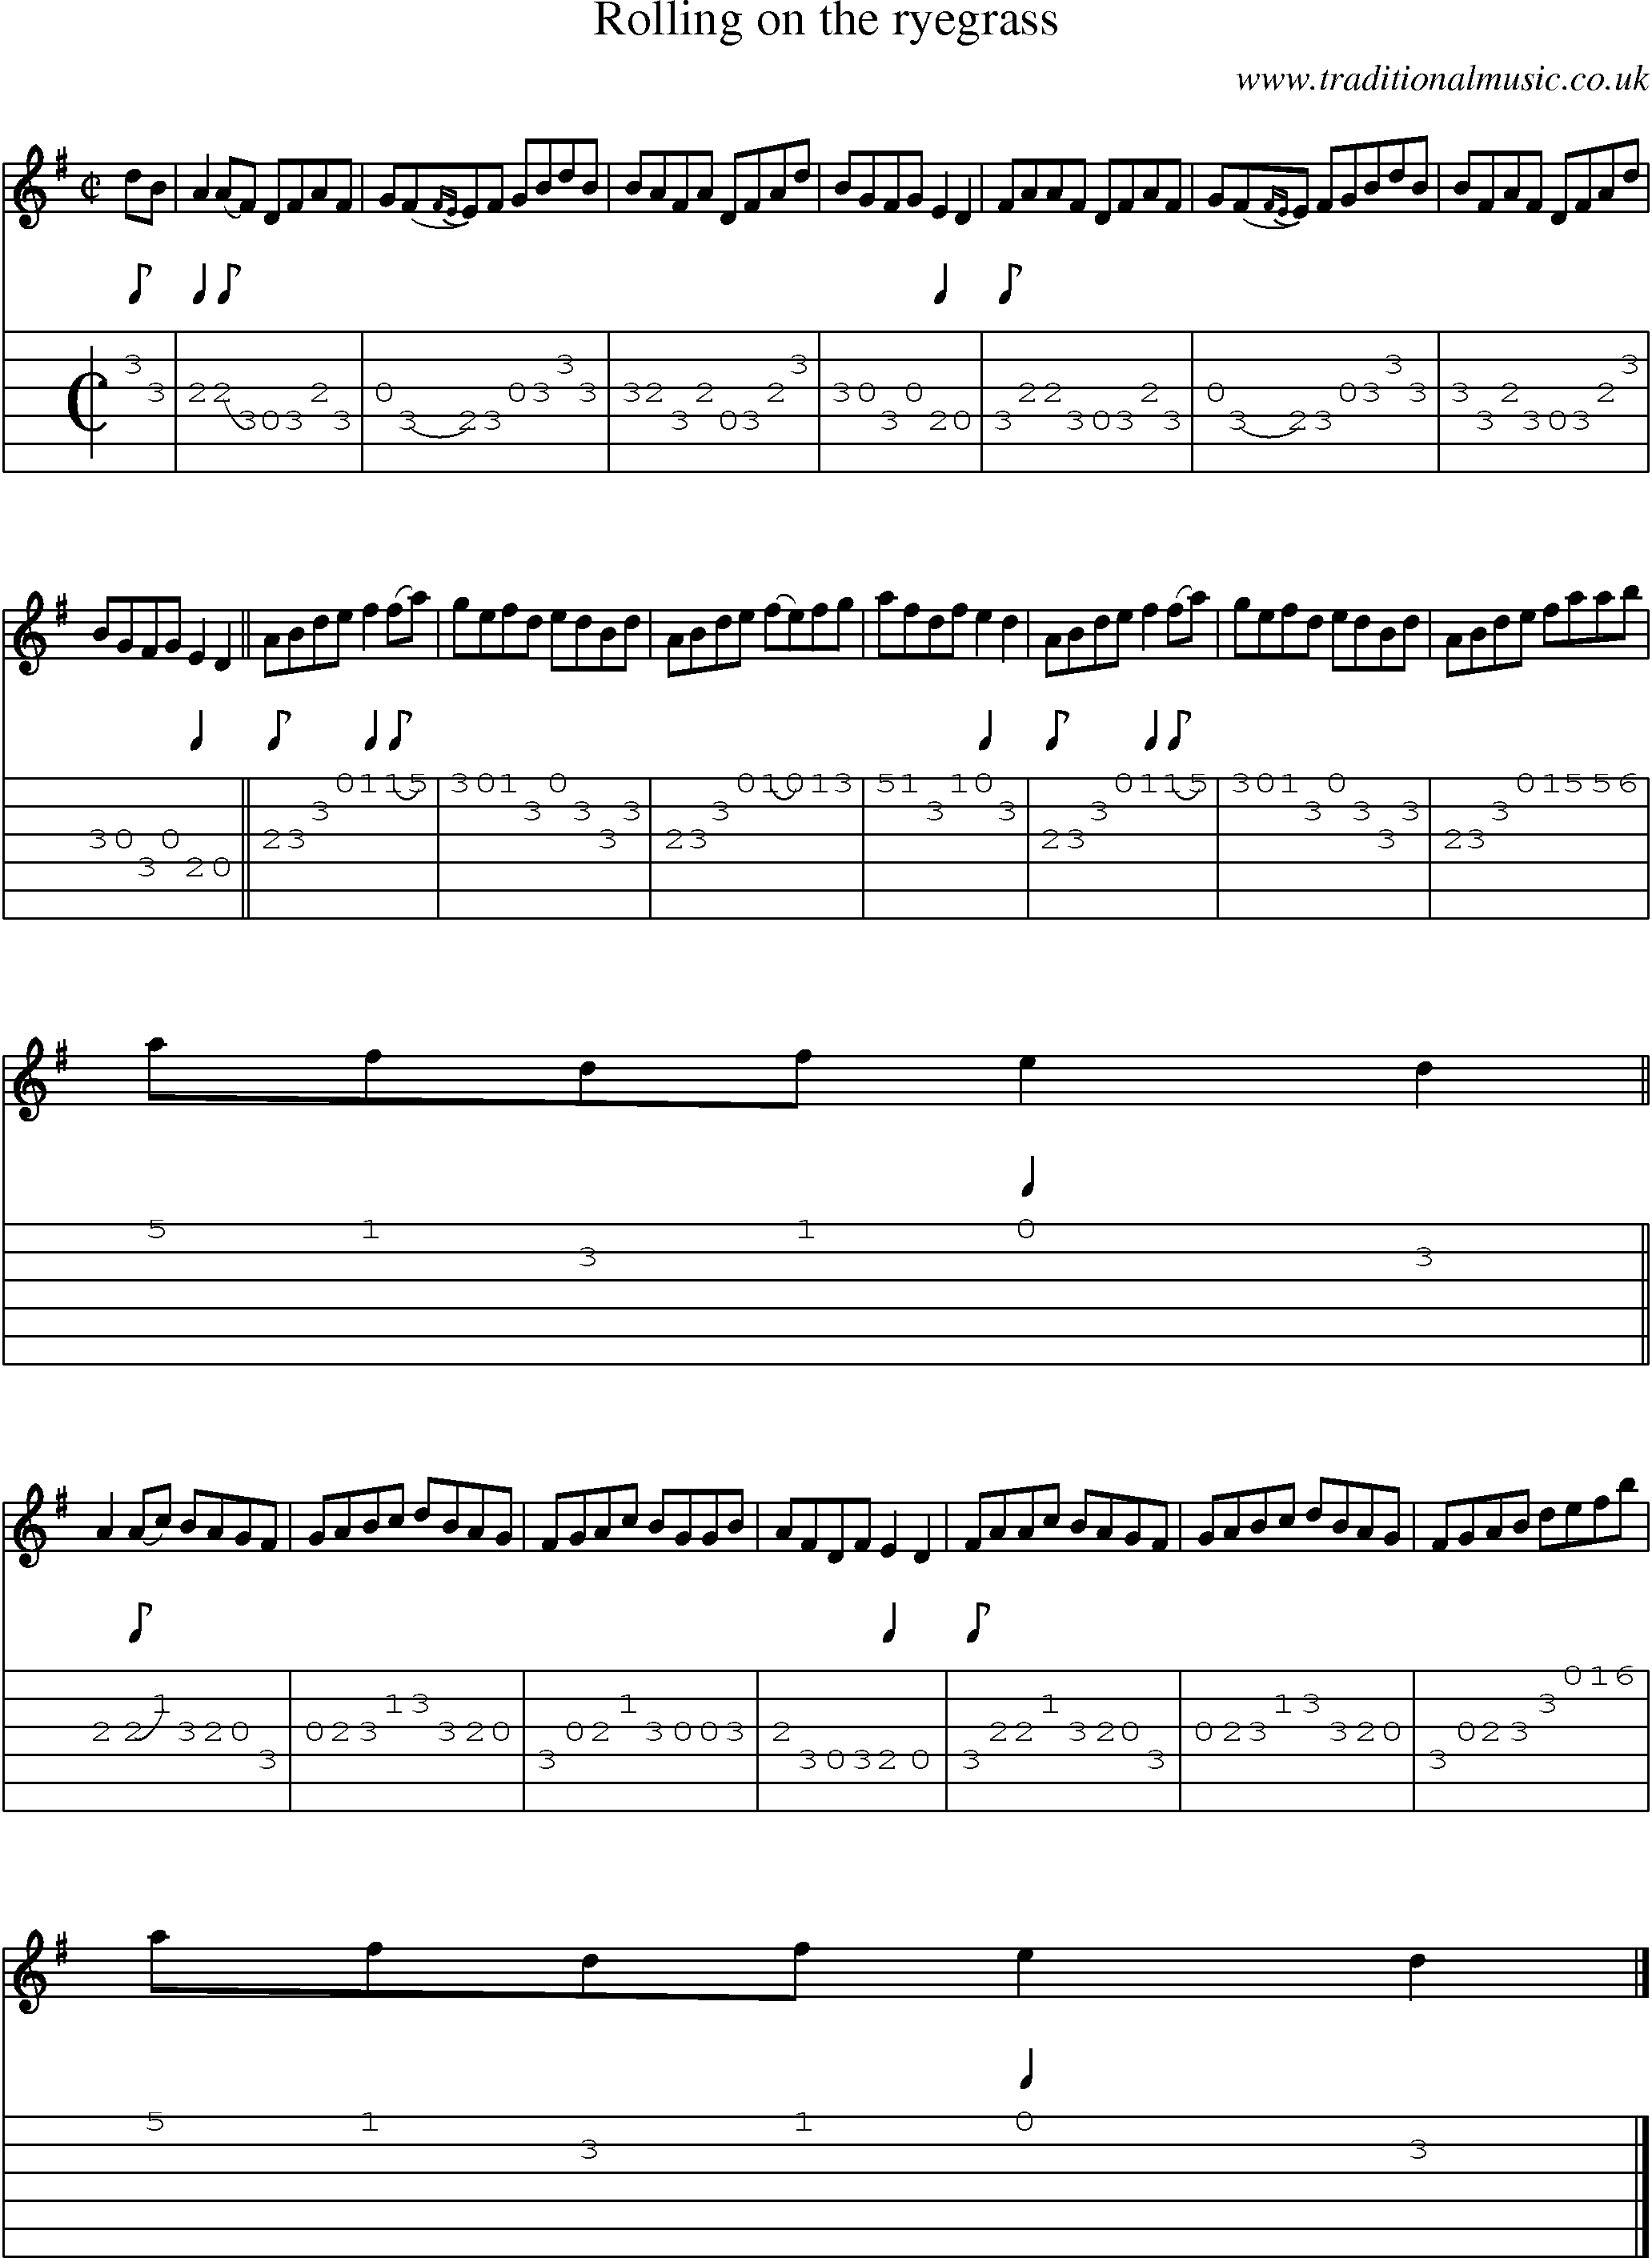 Music Score and Guitar Tabs for Rolling On The Ryegrass
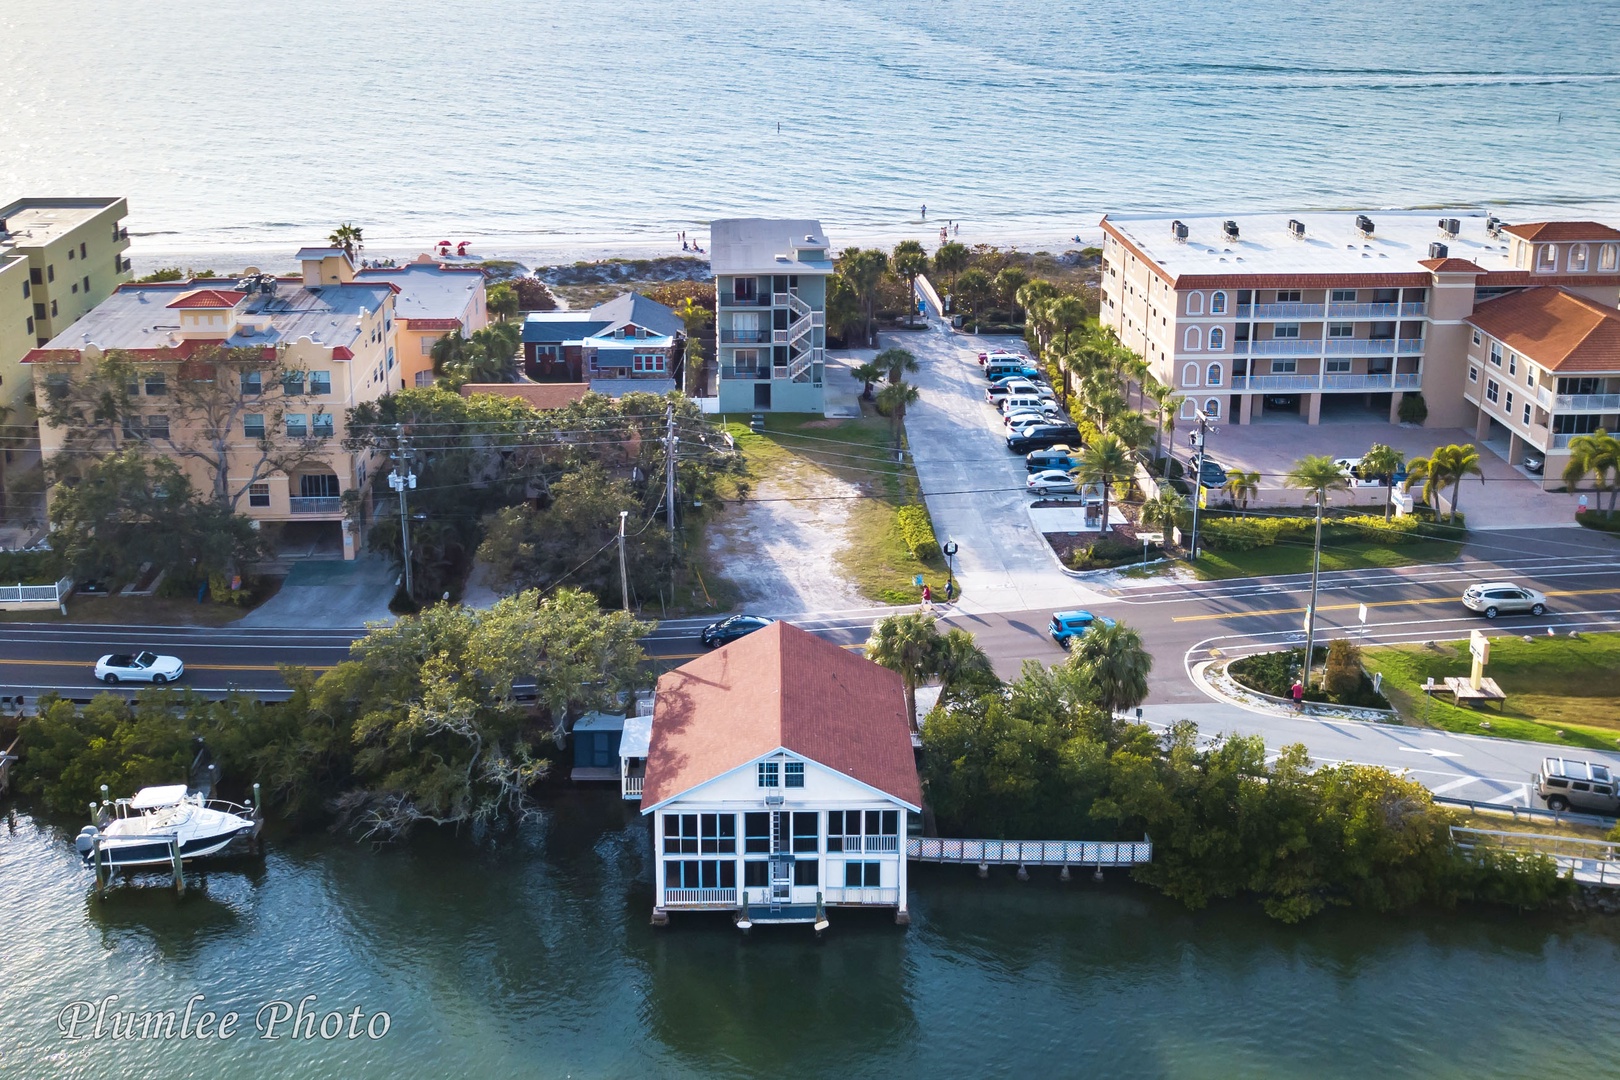 The Gulf of Mexico beach is a short walk from The Historic Boathouse.
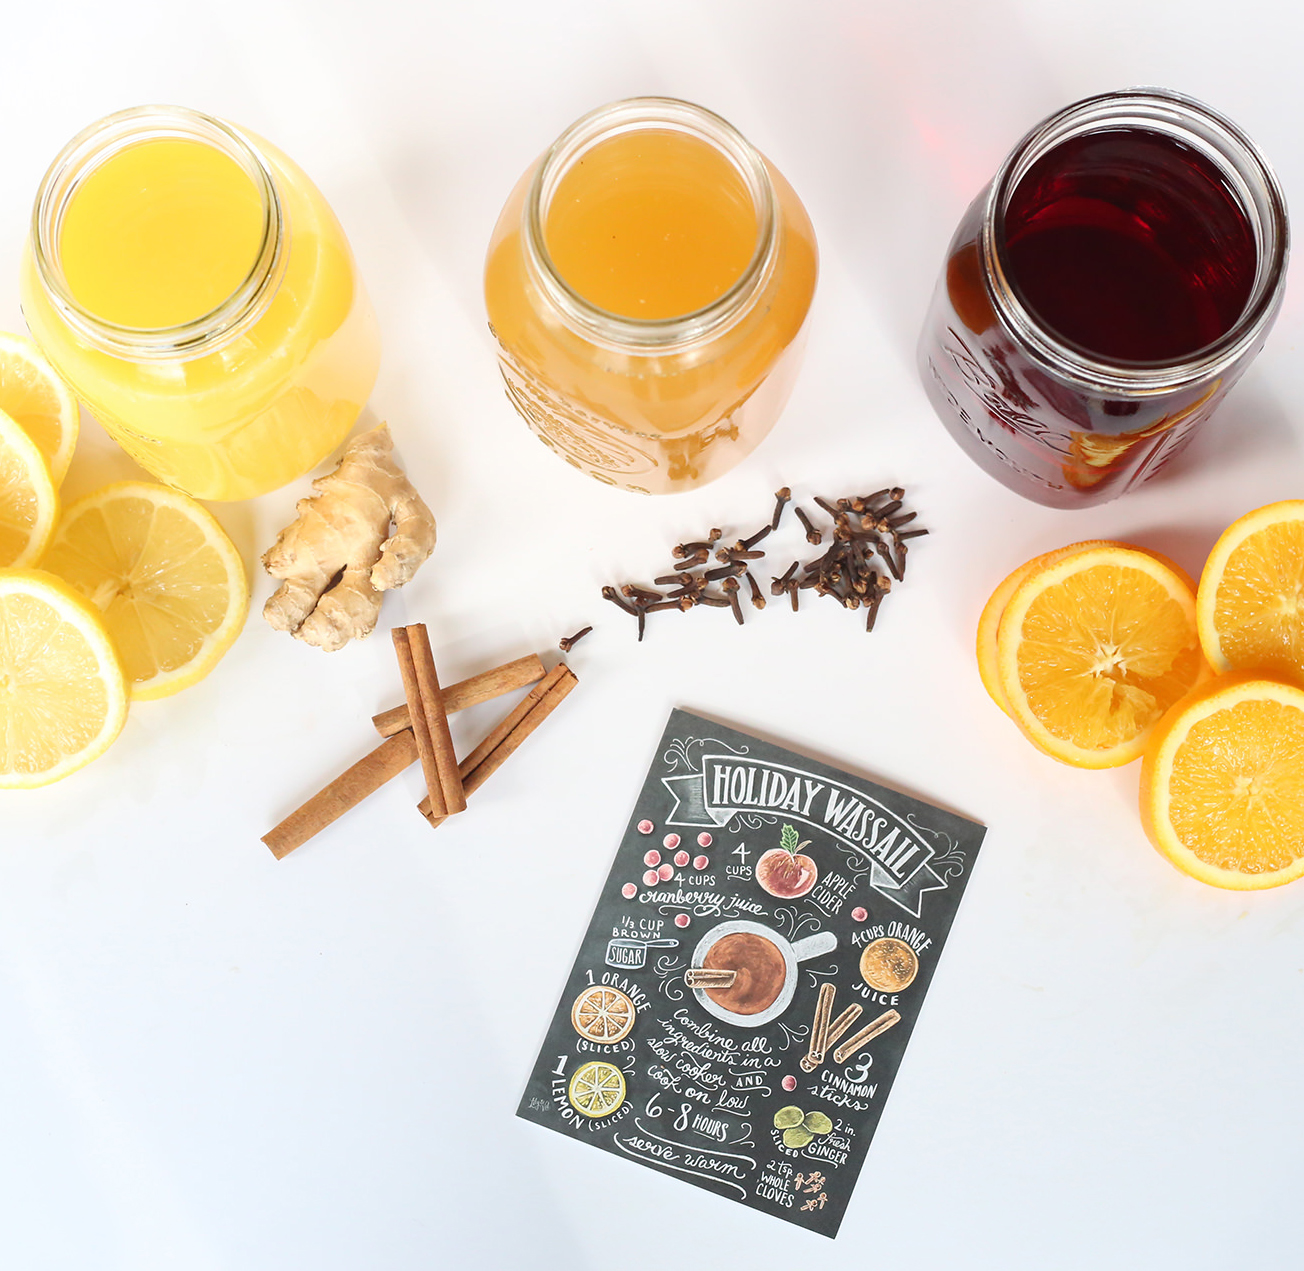 One perfect concoction of Christmas memories and Christmas aromas is found in holiday Wassail, a must-have drink for the holidays.

Exercise instructions: Could the lines above be copied out exactly, with no image carried over?

Solved problem:
 Music Score and Guitar Tabs for Rolling On The Ryegrass
 The Gulf of Mexico beach is a short walk from The Historic Boathouse.
 One perfect concoction of Christmas memories and Christmas aromas is found in holiday Wassail, a must-have drink for the holidays.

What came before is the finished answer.